Regular expression denial of service ReDoS occurs when a poorly written regex pattern causes excessive CPU consumption when processing certain inputs. An…
Regular expression denial of service (ReDoS) occurs when a poorly written regex pattern causes excessive CPU consumption when processing certain inputs. An attacker can craft a malicious string that forces the regex engine into catastrophic backtracking, consuming CPU resources and potentially freezing or crashing the application. This is a denial-of-service vulnerability that requires no special privileges or authentication.
02How It Happens
Most regex engines use backtracking to match patterns. When a pattern contains nested quantifiers (like (a+)+) or alternation with overlapping branches (like (a|a)*), the engine may try exponentially many combinations before concluding that a string does not match. A carefully constructed input string can force the engine to explore all these combinations, causing the regex to take seconds or minutes to process a short string. The vulnerability is especially dangerous in web applications where user input is validated against regexes, since an attacker can submit a malicious string via a form field or API parameter and tie up server resources.
03Real-World Impact
A ReDoS vulnerability can be exploited to disable a web application without requiring any authentication or special access. An attacker sends a single HTTP request containing a crafted string that triggers the vulnerable regex, and the server's CPU spikes to 100% while the regex engine struggles. If the application is single-threaded or has limited worker processes, this can make the entire site unresponsive to legitimate users. In multi-user environments, repeated ReDoS attacks can exhaust all available worker threads, resulting in a complete denial of service.

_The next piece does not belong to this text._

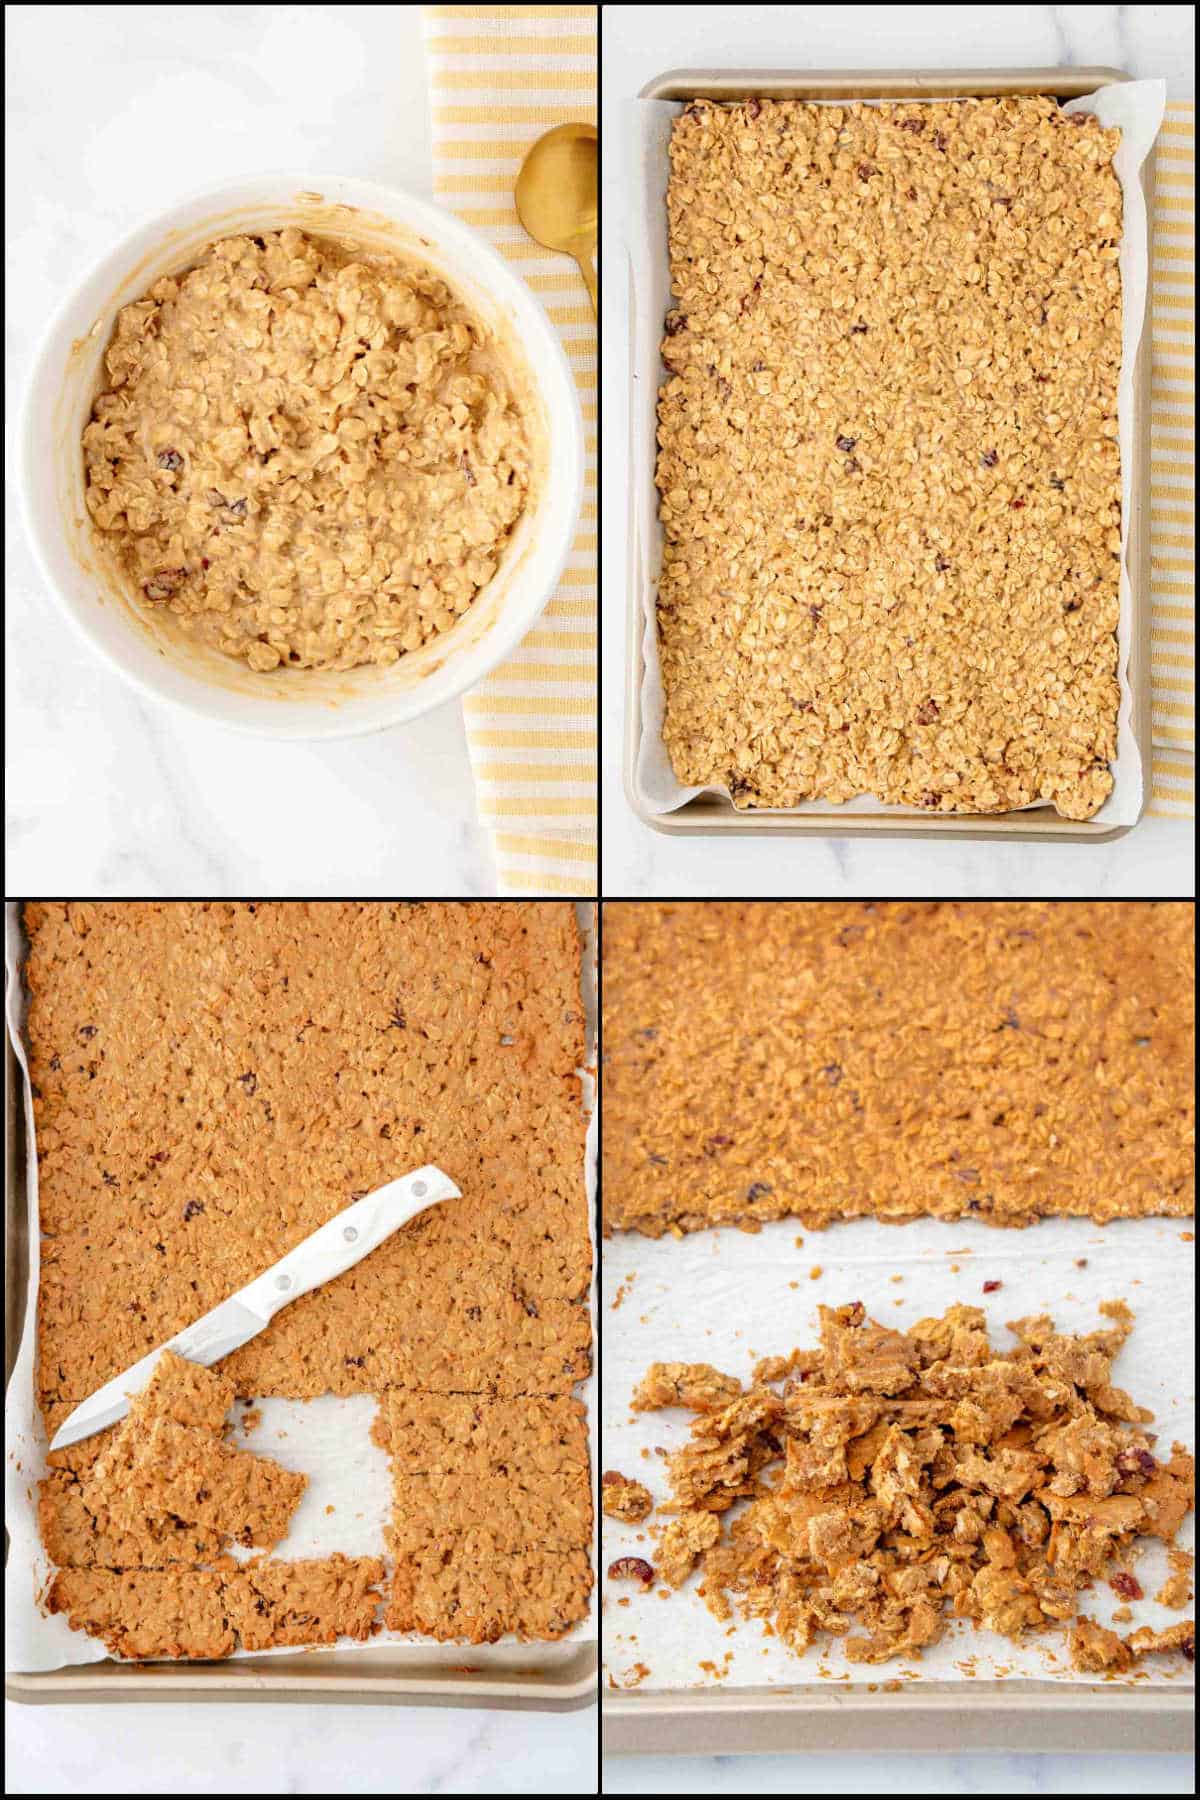 Collage of baking granola for dogs.

04Vulnerable & Fixed Patterns
Vulnerable pattern
import re
# Vulnerable: nested quantifiers cause catastrophic backtracking
email_pattern = r'^([a-zA-Z0-9]+)*@example\.com$'
user_input = 'a' * 50 + 'X' # Does not match; engine backtracks exponentially
if re.match(email_pattern, user_input):
print("Valid email")
else:
print("Invalid email")
Why it's vulnerable: The pattern ([a-zA-Z0-9]+)* contains nested quantifiers. When the input fails to match, the regex engine tries every possible way to partition the string across the repeated group, leading to exponential backtracking.
Fixed pattern
import re
# Fixed: use a simpler, non-backtracking pattern
email_pattern = r'^[a-zA-Z0-9]+@example\.com$'
user_input = 'a' * 50 + 'X'
if re.match(email_pattern, user_input):
print("Valid email")
else:
print("Invalid email")
Vulnerable pattern
<?php
// Vulnerable: alternation with overlapping branches
$pattern = '/^(a|a)*b$/';
$user_input = str_repeat('a', 50) . 'X'; // Does not match; catastrophic backtracking
if (preg_match($pattern, $user_input)) {
echo "Match found";
} else {
echo "No match";
}
?>
Why it's vulnerable: The pattern (a|a)* allows the regex engine to match the same character via either branch of the alternation, creating exponential combinations when the string does not end with 'b'.
Fixed pattern
<?php
// Fixed: use a single, unambiguous quantifier
$pattern = '/^a*b$/';
$user_input = str_repeat('a', 50) . 'X';
if (preg_match($pattern, $user_input)) {
echo "Match found";
} else {
echo "No match";
}
?>
05Prevention Checklist
Avoid nested quantifiers — do not use patterns like (a+)+, (a*)*, or (a+)*. Use a single quantifier instead.
Avoid overlapping alternation — patterns like (a|a)* or (a|ab)* allow the engine to match the same text in multiple ways. Use a single, unambiguous branch.
Use atomic grouping or possessive quantifiers — if your regex engine supports them (e.g., Java, PCRE), use (?>...) or + / *+ to prevent backtracking.
Set regex timeout limits — configure your regex engine to abort if matching takes longer than a reasonable threshold (e.g., 1 second).
Test regexes with long, non-matching input — before deploying a regex that validates user input, test it with strings that are long and do not match the pattern to ensure it completes quickly.
Use regex linters or analyzers — tools like regex101.com or static analysis plugins can flag potentially catastrophic patterns before they reach production.
06Signs You May Already Be Affected
Monitor your application logs and server metrics for sudden CPU spikes or request timeouts that correlate with specific form submissions or API calls. If you see requests that take an unusually long time to process despite small input sizes, or if your regex validation endpoints become unresponsive after receiving certain inputs, investigate the regex patterns used in those code paths. Check your regex patterns for nested quantifiers or overlapping alternation branches.